将字符串推送到数组中,或将其设置为对象属性的值,是否复制字符串或在 JavaScript 中保留引用?

Does pushing a string into an array, or setting it as the value to an object property, copy the string or keep a reference in JavaScript?

提问人:Lance 提问时间:11/7/2023 更新时间:11/8/2023 访问量:110

问:

特别是在 v8 / Node.js 中,当您将原始类型(字符串、数字、布尔值)推送到数组中时,它是克隆字符串还是存储引用?

我知道你不能这样做并更改字符串:

let array = []
let x = 'foo'
array.push(x)
x = 'bar'
console.log(array) //=> ['foo']

但是,如果我这样做,是否会多次复制字符串(从而增加内存占用)?

let array = []
let x = 'foo'
array.push(x)
array.push(x)
array.push(x)
...

对象键的相同问题,如果我这样做它会克隆字符串吗?

let object = {}
let x = 'foo'
object.a = x
object.b = x
object.c = x

我四处搜索了一下,但没有找到这个问题的直接答案。

在 javascript 中将对象推送到数组中是深度复制还是浅复制?

这篇博文说:

对象和数组作为指向原始对象的指针推送。内置基元类型(如数字或布尔值)作为副本推送。

但我不确定这是否正确(它没有备份)。我必须运行一堆彻底的测试才能真正检查并查看当我推送到数组时内存是否增长。我不太确定实现这一点的最简单方法,所以也许 v8 工程师或其他精通编译器理论的人知道这是如何实现的。

我想用它来计算我添加到 trie 的每个字符串的大小,然后跟踪 trie 的粗略大小(将其中使用的字符串大小相加,并粗略地对用于存储 n 个对象属性和 x 长度数组的字节进行粗略的客调)。所以第一步是理解,当我将字符串推送到多个位置时,我的字符串会被复制吗,还是会在每个位置携带相同的引用?Buffer.byteLength(text, 'utf8')

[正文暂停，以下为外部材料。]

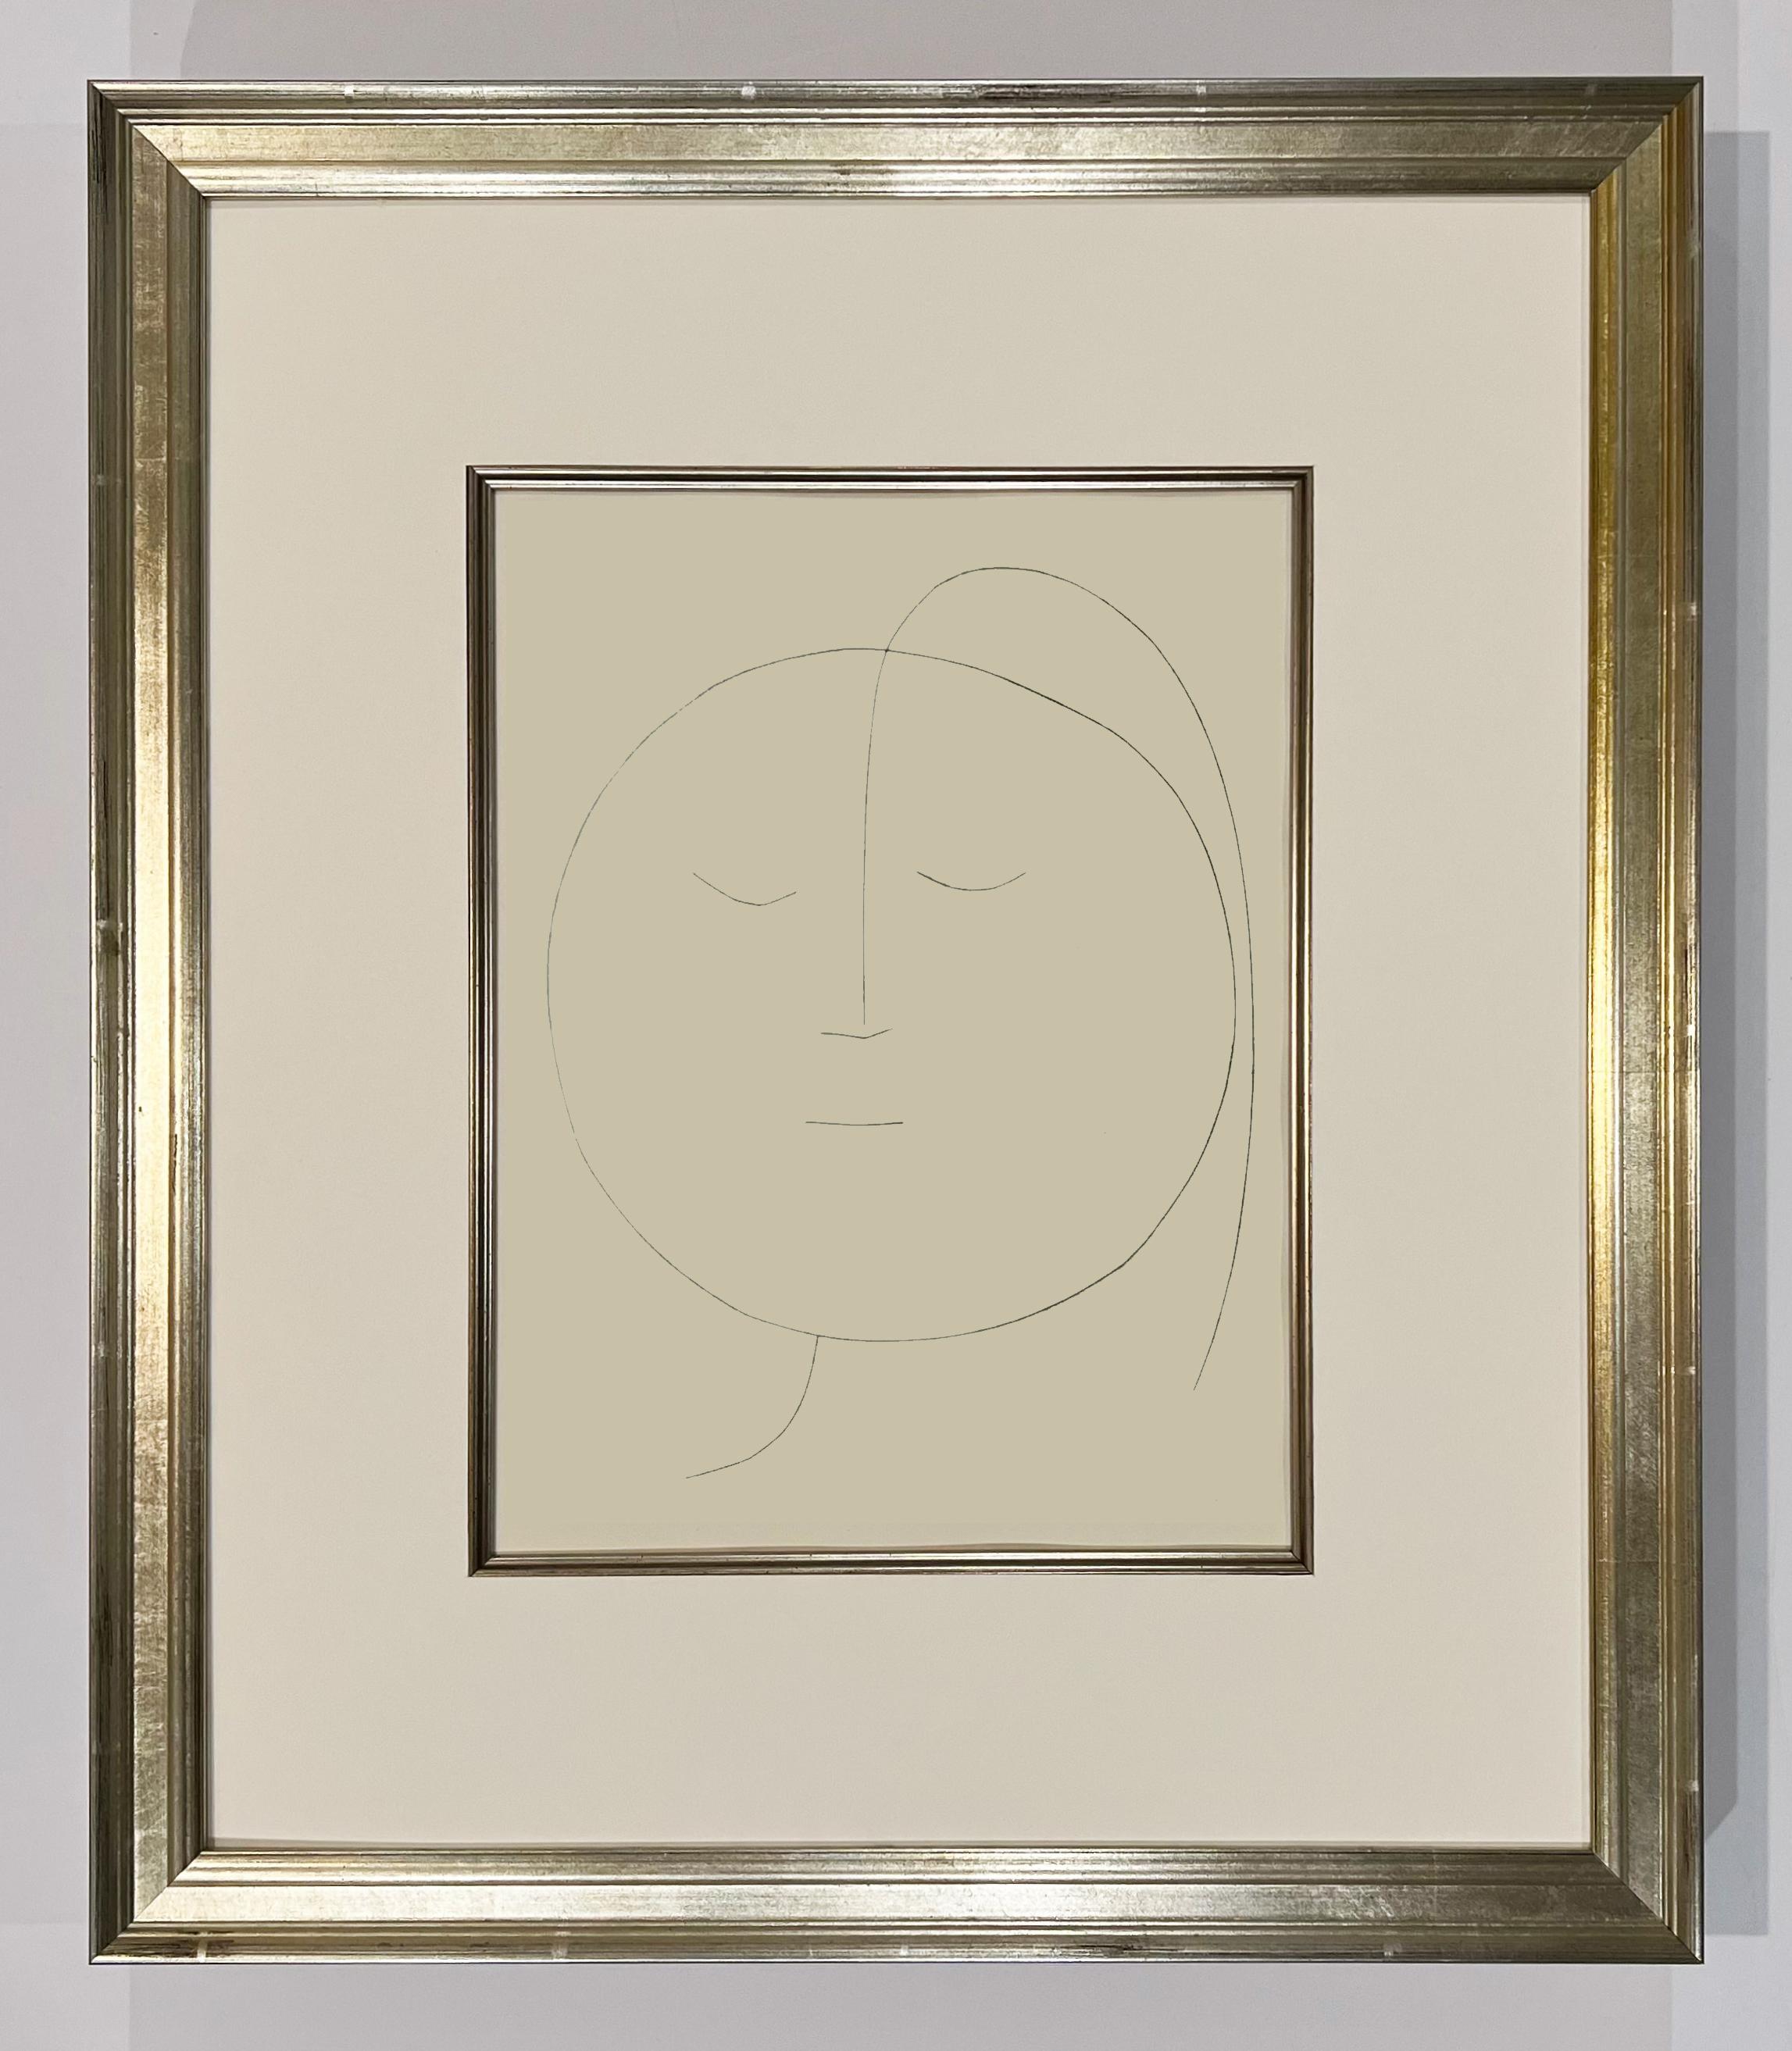 Round Head of a Woman with Hair (Plate XVIII), from Carmen - Print by Pablo Picasso

我希望博客是不正确的,并且它推送了一个引用,只是一旦变量被发送到另一个函数,你就无法修改它。但是字符串仍然是一个引用,直到你尝试更改变量,类似的东西。

JavaScript 字符串 v8

评论

0赞 Bergi 11/7/2023
js 值是克隆的,因为它是一个基元。但是,底层表示通常是对文本字节的引用,并且只需要复制该引用,因为引用的字节永远不会更改。
0赞 jmrk 11/7/2023
@Bergi 关键点是字符串没有被克隆。我不认为被欺骗的问题根本无法回答这个问题。想重新打开它以便我可以发布我的答案吗?
0赞 Bergi 11/7/2023
@jmrk呵呵,你是对的,其中任何一个都没有明确说明(尽管 imo 强烈暗示/可以很容易地推断出来)。随意重新开放。

答:

1赞 Yoric 11/7/2023 #1

如果可以避免字符串,JavaScript VM 将永远不会复制字符串。在这种情况下,不复制字符串是微不足道的。

如果你真的想复制字符串,你需要经历一些恶作剧,比如将它们转换为其他编码并返回,或者将它们拆分并连接回来。如果我的记忆正确,上次我检查时,一旦复制了字符串,VM 就不会尝试对它们进行重复数据删除。

资料来源:曾经在 SpiderMonkey 上工作。

2赞 jmrk 11/7/2023 #2

(V8 开发人员在这里。

将字符串存储在数组中(或实际上,在任何地方)时,不会复制该字符串。布尔值也不是。

对于数字,这取决于:它们通常也存储为参考,除非某些优化的情况有更有效的替代方案。

原因有二:
(1)不需要克隆字符串。
(2)不克隆字符串更简单快捷。

就实现细节而言,您引用的片段是完全错误的。有人可能会争辩说,就可观察语义而言,这并不完全不正确:程序的行为无法判断是否存储了字符串的副本,或者只是对它的另一个引用。(但当然,这只会让整个语句变得毫无意义:如果对象被存储为引用,而对于基元,我们无法区分,为什么不简单地假设所有内容都存储为引用呢?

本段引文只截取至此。